[What the task requires]:
From the listing below, output only the lines starting at the line that has "[FARTDOM] Ashley Luvbug 34 [HD][720p][MP4]" and ending at the line that has "Film in uscita", exactly as they appear, ends included.

[Exercise material]:
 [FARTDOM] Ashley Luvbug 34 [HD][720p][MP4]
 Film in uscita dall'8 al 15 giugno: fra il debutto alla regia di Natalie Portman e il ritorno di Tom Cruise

---

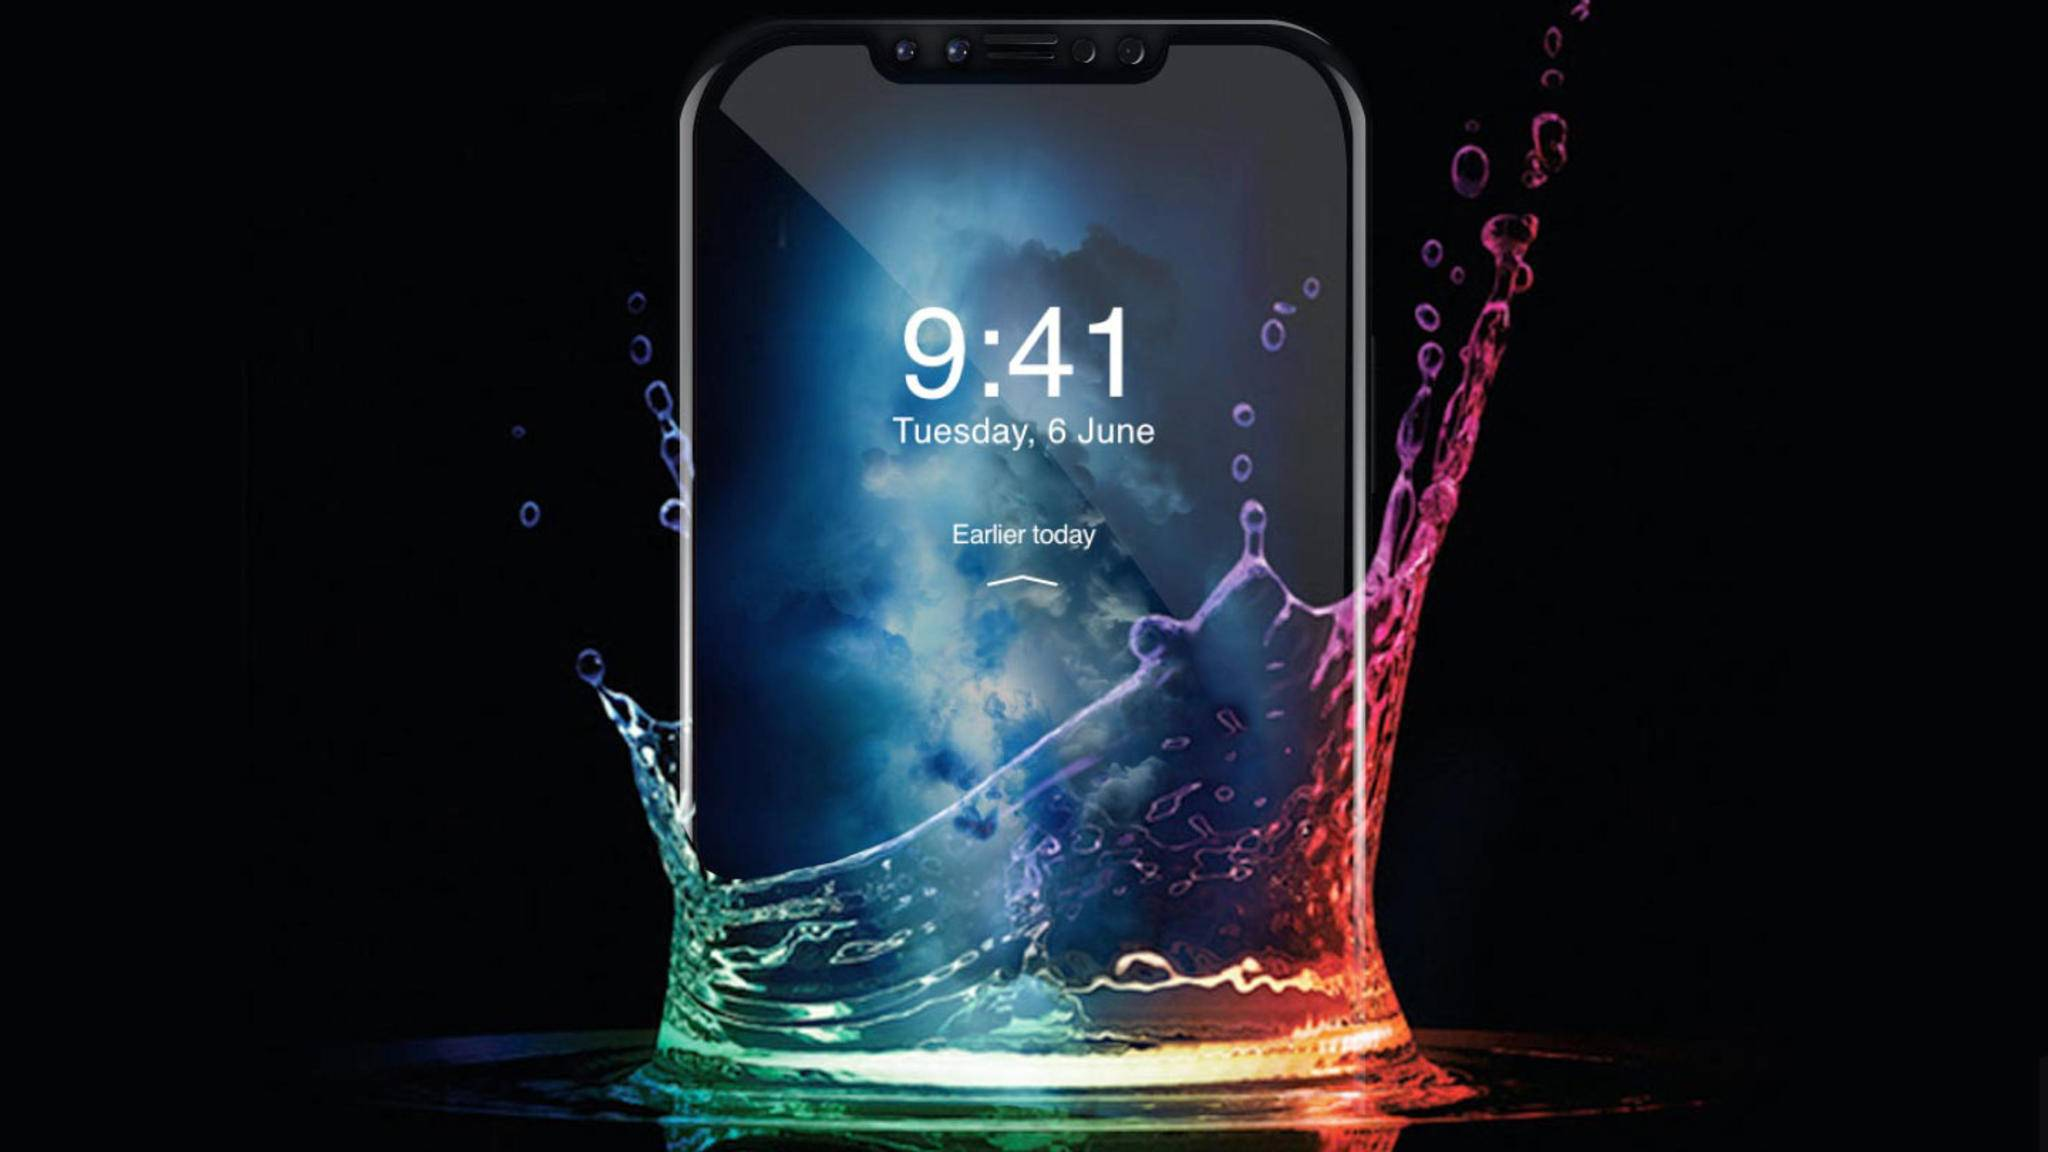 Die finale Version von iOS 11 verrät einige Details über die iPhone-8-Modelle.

[Solution for this exercise]:
 [FARTDOM] Ashley Luvbug 34 [HD][720p][MP4]
 Film in uscita dall'8 al 15 giugno: fra il debutto alla regia di Natalie Portman e il ritorno di Tom Cruise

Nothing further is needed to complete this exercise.